Paradox? What do you call it if nobody apparently wants it and it still may happen?

The Polish leader stood his ground, defending the idea that his country is discriminated against and that the European Court of Justice is guilty of some unfair “judicial activism”.

On the other side, a great majority of views expressed in the hemicycle, and echoed by Commission chief Ursula von der Leyen, are singing a very different tune.

Poland is not discriminated against and we are in a fight to restore the rule of law principle in the country, which has compromised its judicial independence, they say.

So, are we witnessing discrimination or the dismantling of core values? Clearly, the Polish government is developing its narrative on fighting anti-Polonism, be it in Western Europe, Russia, the United States, or Israel.

The Polish government is also in the business of nourishing the pride of its own electorate in smaller towns and villages.

Clearly, what PiS wants to achieve is to continue consolidating its support ahead of the difficult times ahead: rising inflation, uncontrollable energy prices, and green transformation. Clearly, PiS is not in the business of “fixing the judiciary”.

Why not? Internal politics is the answer. 

Morawiecki and Kaczyński may not want Polexit. But Justice Minister Zbigniew Ziobro and his entourage may pursue a different argument: that EU membership may no longer be beneficial, and that the only ones who benefitted from membership are free-riders.

Ziobro’s MPs and MEPs are openly talking about Polexit. Yet, Jarosław Kaczyński needs them to maintain the slim majority in the parliament for the Morawiecki government.

How stable is the pro-EU sentiment of the general public? The national public television TVP is a recognized anti-EU propaganda machinery, broadcasting misinformation inspired by Fox News.

In fact, a great majority of the pro-EU support among the Polish public is conditional. The support for EU integration is linked with the exceptional economic growth the country has experienced since its accession in 2004. Should recession come along, who knows who will be to blame for it?

There are also other issues that may derail public support. The most important of them is energy prices, and not so much the galloping gas prices of today.

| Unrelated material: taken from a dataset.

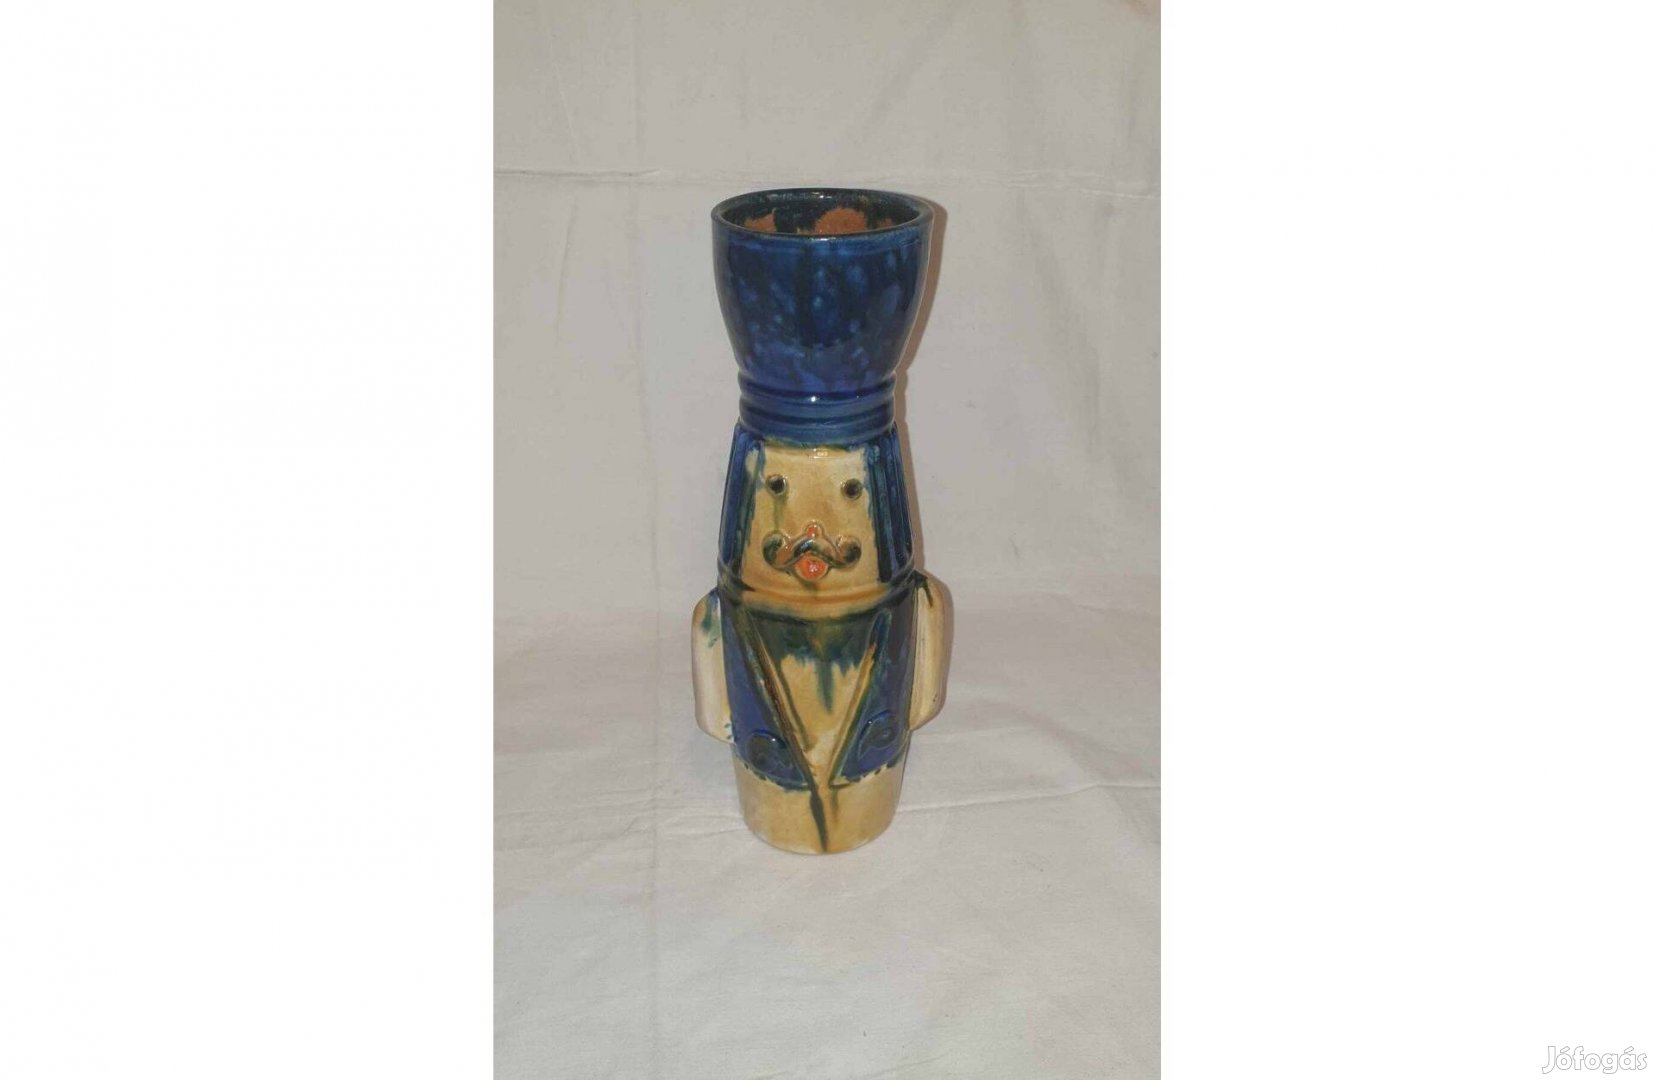 Fórizsné Sárai Erzsébet figurális kerámia váza

It is more about the cost of CO2 emissions, which has been growing this year. More generally, it’s the high costs of climate transformation, which means decarbonisation, one way or another. It’s the Turów case between Poland and Czechia, the closing of coal mines and energy powerhouses will remain controversial for years to come.

The blame for it will be put squarely on the EU.

Another important issue is the migration threat. As long as the Polish government and the EU institutions talk the same language, there is no problem. However, as the number of deaths on the Polish-Belarussian border grows, the issue may continue to deteriorate. In the past, in 2015 it was the migration scare that brought PiS to power in the first place.

Will Polexit happen?

No one knows for sure. But the threats are real. Many years ago, the independent Polish Constitutional Tribunal gave an answer to the question of what if there were a conflict between EU laws and the country’s constitution: You can change the Constitution, you can change the EU treaties, or you can leave.

Following the 7 October ruling of the Polish Constitutional Tribunal, those options are clearly on the table.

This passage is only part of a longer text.